Bigger, better, faster, more!
As cool as the local and session storage APIs are, they are not quite ready for extensive adoption – the storage limits might get in your way, and if you really want to go to town with accessing, filtering and sorting data, real databases are what you’ll need. And, as we live in a world of client-side development, people are moving from heavy server-side databases like MySQL to NoSQL environments.On the web, there is also a lot of work going on, with Ian Hickson of Google proposing the Web SQL database, and Nikunj Mehta, Jonas Sicking (Mozilla), Eliot Graff (Microsoft) and Andrei Popescu (Google) taking the idea beyond simply replicating MySQL and instead offering Indexed DB as an even faster alternative.

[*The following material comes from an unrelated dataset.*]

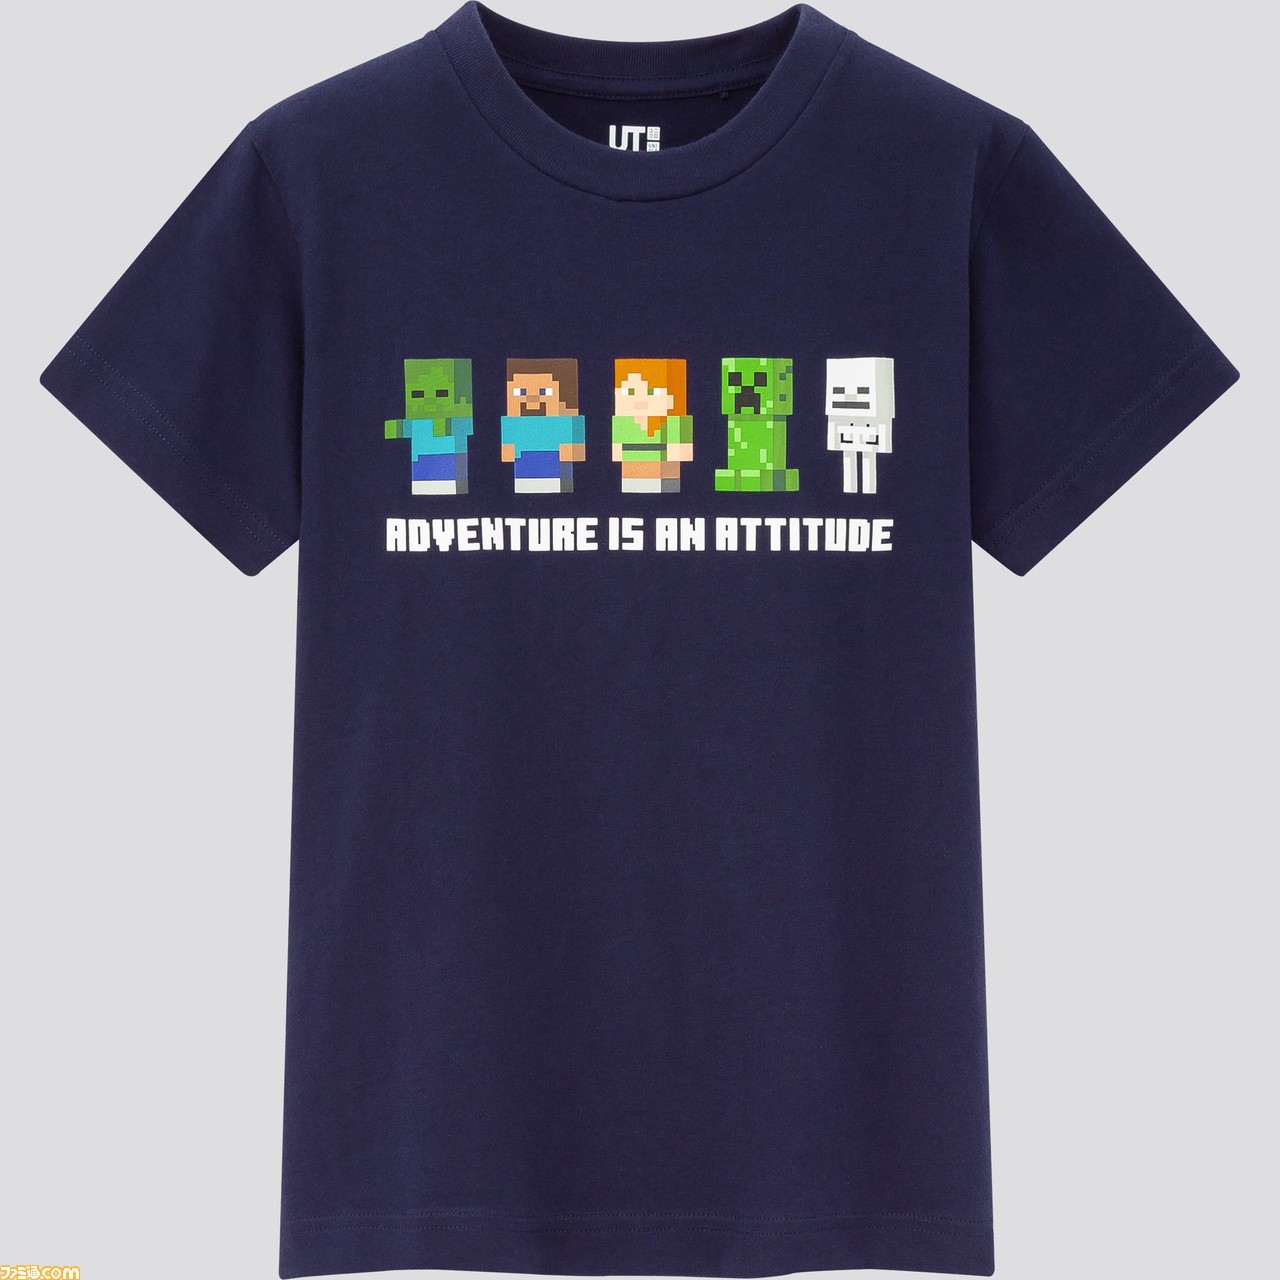 マイクラ ユニクロのコラボtシャツが3 発売 Tシャツを着たキャラクタースキンパックも無料配布 ゲーム エンタメ最新情報のファミ通 Com
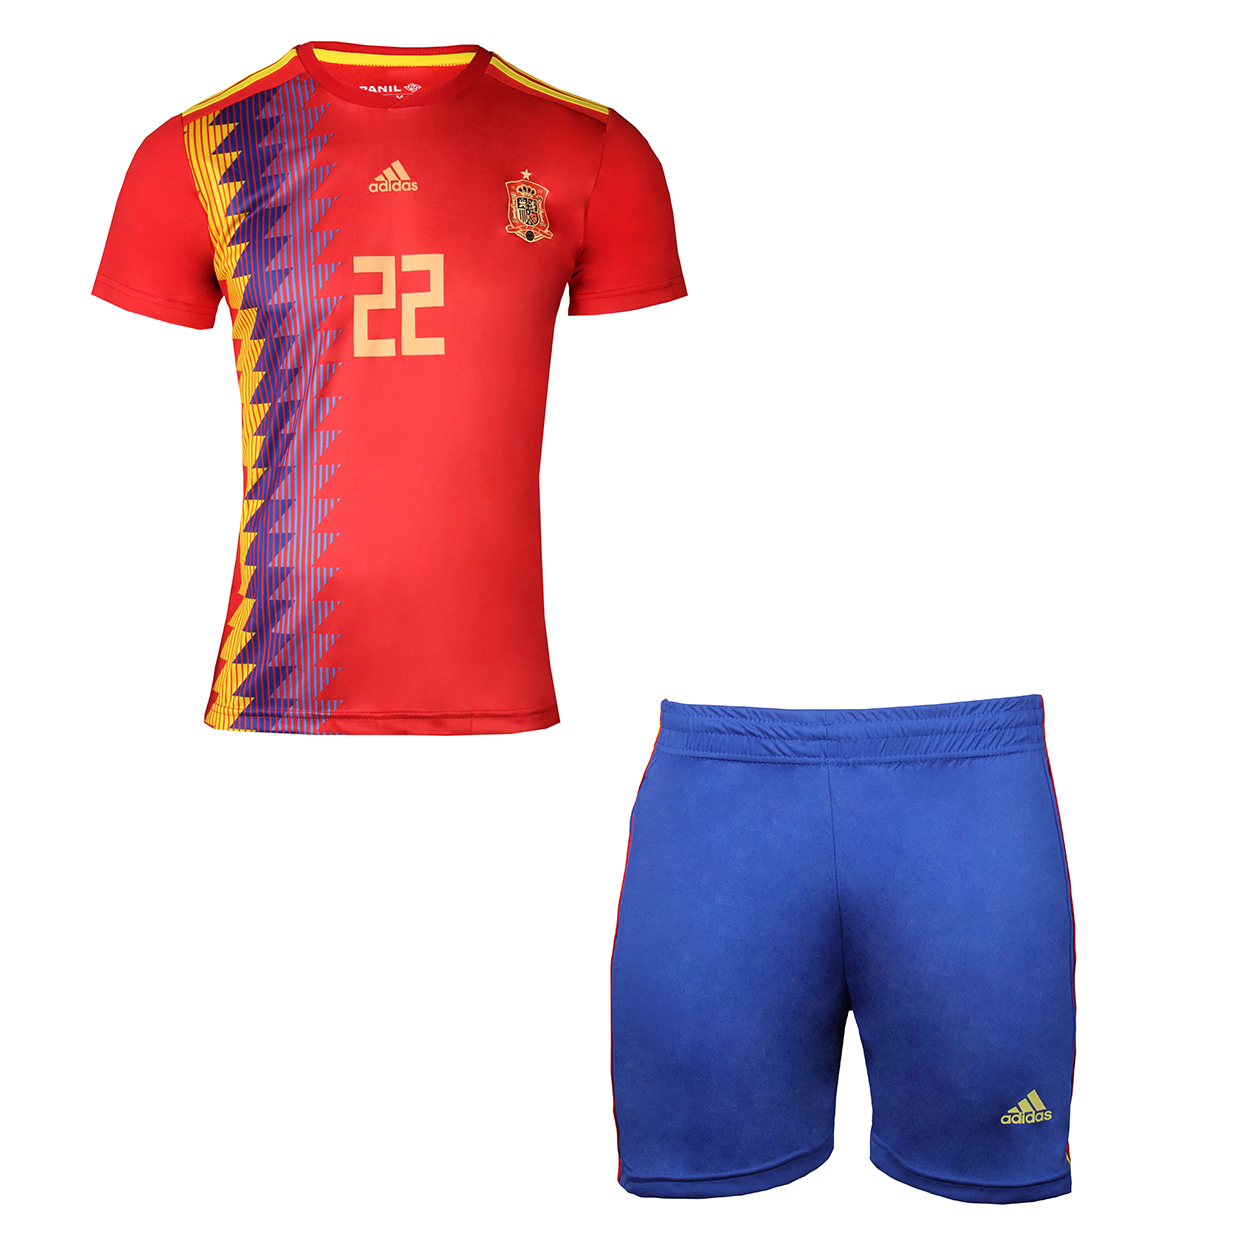 ست تی شرت و شلوارک ورزشی پسرانه طرح تیم اسپانیا کد 13047

On the mobile front, a really important feature is to be able to store data to use when you are offline (mobile coverage and roaming data plans anybody?) and you can use the Offline Webapps API for that.
As I mentioned at the beginning, we have a very exciting time ahead – let’s make this web work faster and more reliably by using what browsers offer us. For more on local storage, check out the chapter on Dive into HTML5.